Da un lato la ricerca di una risposta efficace e funzionale a un contesto sempre più complesso, dall’altro l’impegno a migliorare la sostenibilità: come coniugare queste due esigenze? Investendo per ottimizzare la filiera, come rivela la ricerca di GS1 Italy che delinea il mondo della logistica come un cantiere sempre aperto, un “work in progress” dove si applicano soluzioni e innovazioni finalizzate a migliorare l’efficienza della supply chain. E che la stanno rendendo anche più “green”.

La conferma è venuta dalle testimonianze dirette di Coop Italia, Conad, Fater e Nestlé che hanno raccontato le loro esperienze e le loro innovazioni riguardo la digitalizzazione, l’automazione, la collaborazione di filiera e la sostenibilità della supply chain in una tavola rotonda moderata dai due curatori dello studio GS1 Italy: Fabrizio Dallari, direttore del Centro sulla logistica e supply chain management, LIUC Università Cattaneo, e Marco Melacini, professore di logistics management e direttore scientifico dell'Osservatorio contract logistics “Gino Marchet”, Politecnico di Milano.
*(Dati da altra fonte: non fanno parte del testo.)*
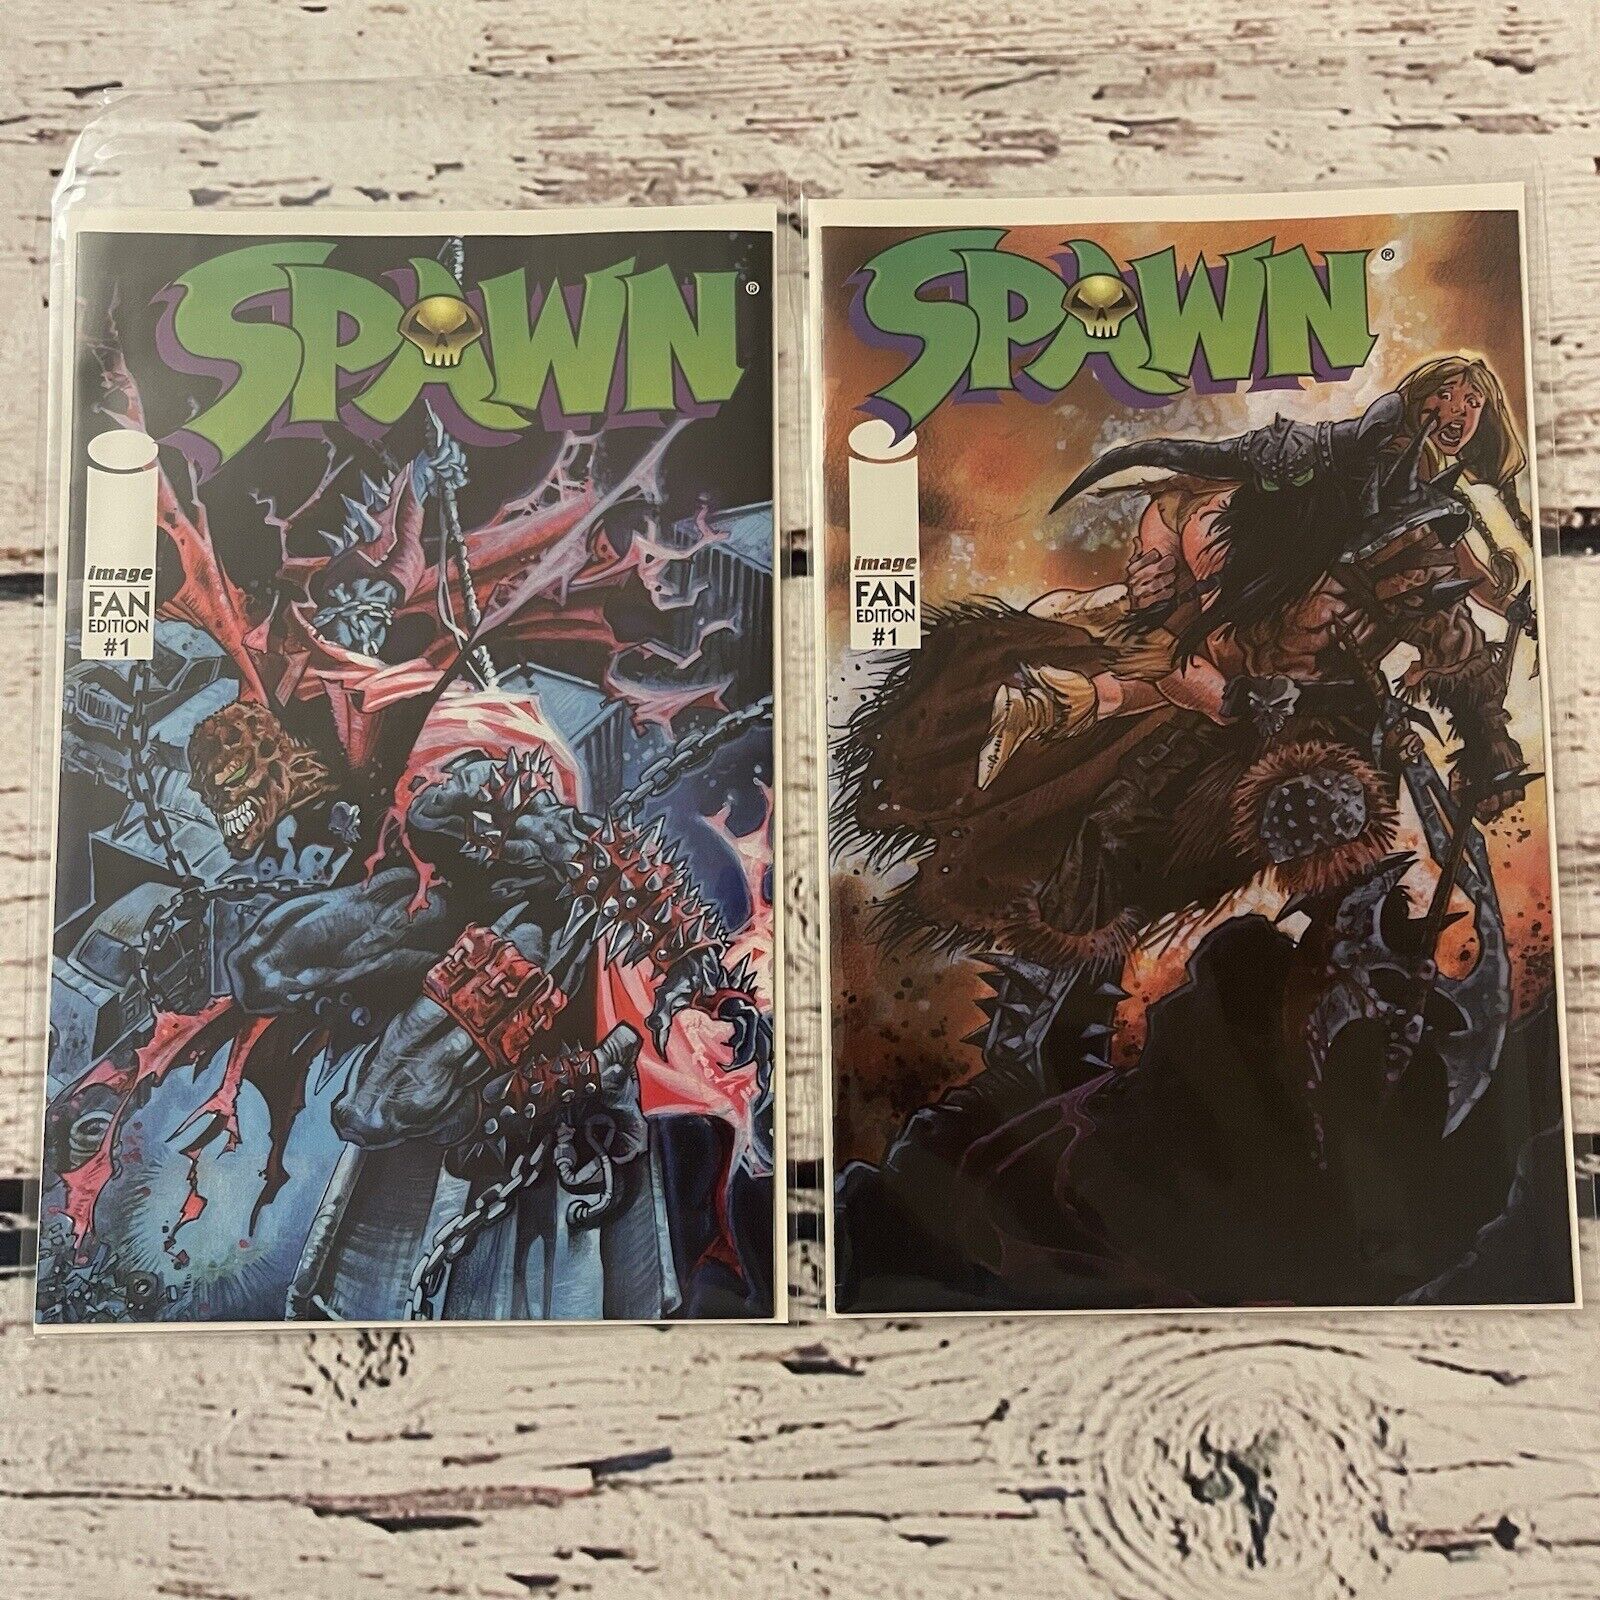 Spawn #1 Fan Edition (Image Comic, 1996) Lot Of 2 Rare

Dalla ricerca di GS1 Italy e dalle case history presentate è emerso che nell’ultimo decennio le aziende hanno lavorato su più fronti per migliorare l’impatto ambientale della supply chain: hanno ridotto di -18% le emissioni degli automezzi nei trasporti dagli stabilimenti ai Ce.Di, hanno aumentato di +49% il ricorso alle unità di carico intere e di +19% la saturazione dei mezzi, e hanno accresciuto di +12% il ricorso ai bilici. Ottenendo un risultato concreto: il risparmio di 97 mila tonnellate di Co2 l’anno.

Inoltre, la miglior gestione dei flussi, con l’aumento della saturazione dei mezzi (arrivata al 90% in pianta in partenza e all’80% in pianta in arrivo), dovuta all’incremento medio dell’order size, e con il maggior utilizzo di bilici diretti nei Ce.Di (75% contro il 67% del 2009), ha fatto segnare un altro importante goal: 450.000 viaggi equivalenti in meno rispetto al 2009.

Questi miglioramenti sono frutto di una maggior collaborazione nella filiera, in particolare per i processi di riordino. Dal 2015, infatti, GS1 Italy sta portando avanti una serie di iniziative per aumentare il livello di collaborazione lungo tutto il processo order-to-delivery - dallo sviluppo del simulatore SI.RI.O. ai laboratori esperienziali - per testare e implementare le logiche di riordino ottimo per la filiera.